In 2011 — just after a failed attempt to relaunch Myspace around music, with help from Justin Timberlake — the company was sold for $35 million to an advertising platform with an interest in its troves of user data, which, though eroded, was still useful enough if it could be paired with more recent social media platforms on other sites. Myspace’s new owner pooled this data into something it called the Advertising Cloud, which has changed hands twice more to end up in the hands of Meredith Corporation — the Iowa-based former radio and TV empire that still publishes Martha Stewart Living and is currently in the business of selling off national magazines to individual billionaires. It’s also trying to sell the ad tech company that bought Myspace, though what money remains to be squeezed out of it is hard to say.

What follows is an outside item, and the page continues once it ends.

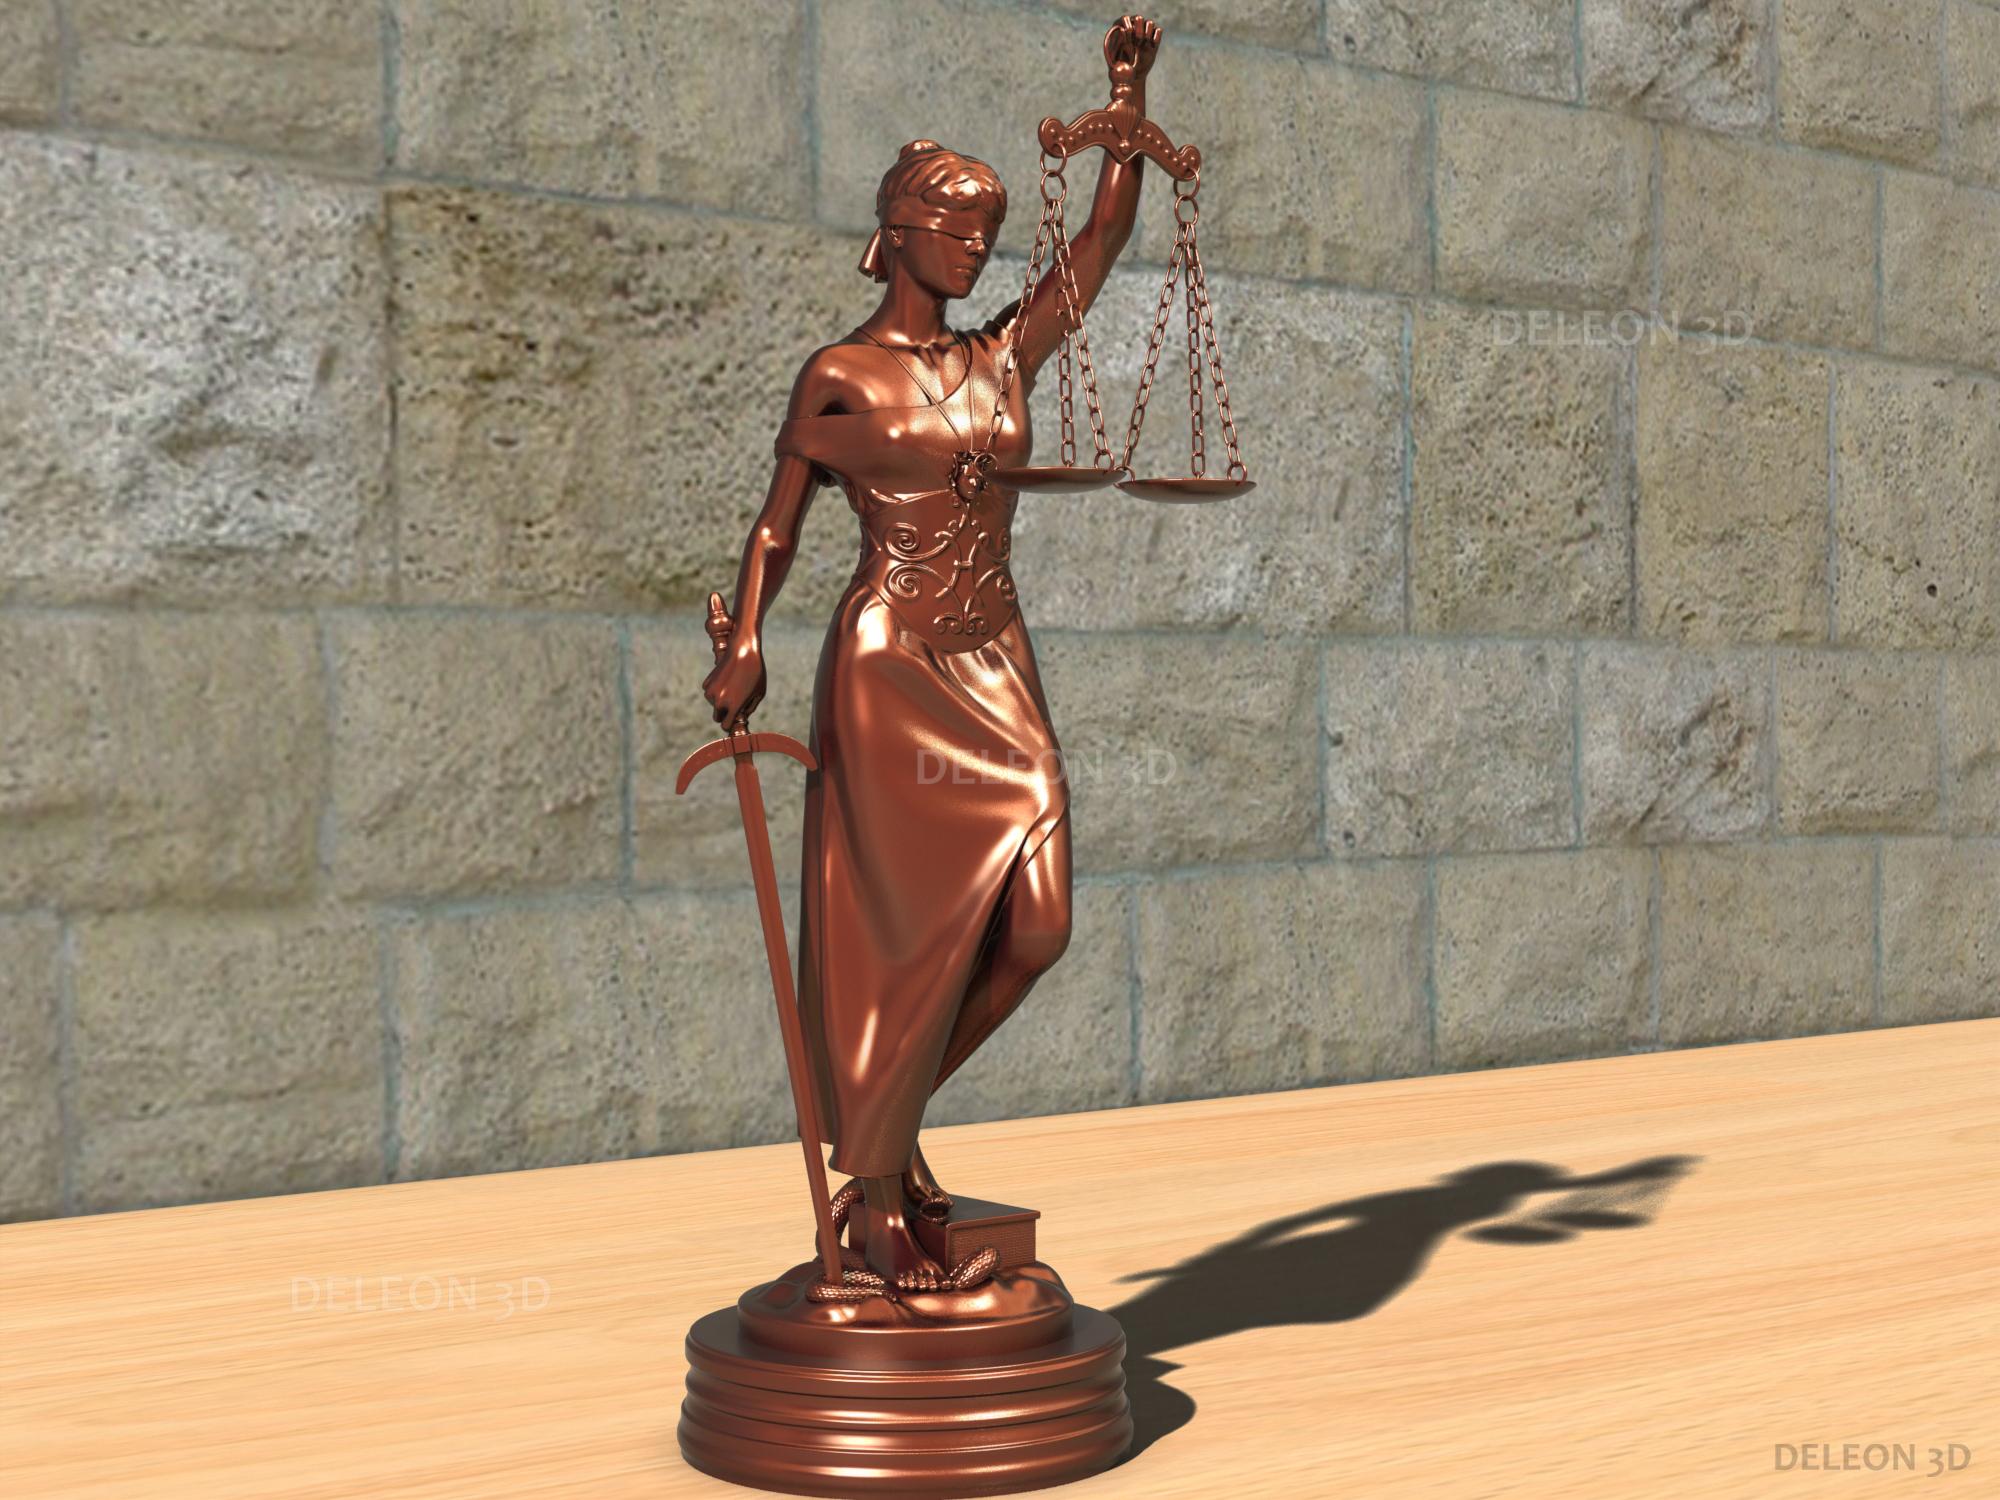 statue themis 3d model max fbx c4d lxo  obj ztl 221777

It took a while for people to even notice that all this music was gone, and it doesn’t seem as though Myspace is particularly contrite about it. A different Reddit user posted in a tech support subreddit a year ago, sharing a screenshot of a terse email exchange with Myspace. This user had asked why the Myspace media player wasn’t able to play music from 2007 to 2011, suggesting that the files were missing. Initially, the company wrote that it was a known issue with no specific date for resolution; then the spokesperson pivoted and responded, “Due to a server migration files were corrupted and unable to be transferred over to our updated site. There is no way to recover the lost data. Thanks, Myspace.”
“After years of relaunches, redesigns, data breaches and general neglect,” Herrman wrote months ago, “many Myspace users have lost the ability to contact their former selves.” You could argue that a hemorrhaging of old files shouldn’t surprise or upset these users too much at this point, and that looking at the dusty, jumbled mess the platform had turned into should have been more than enough of a suggestion to go ahead and back up whatever files they didn’t want to lose.
But that’s clearest only now — at the moment when all these tech companies that had implicitly promised to provide a platform for creative works forever started taking things back.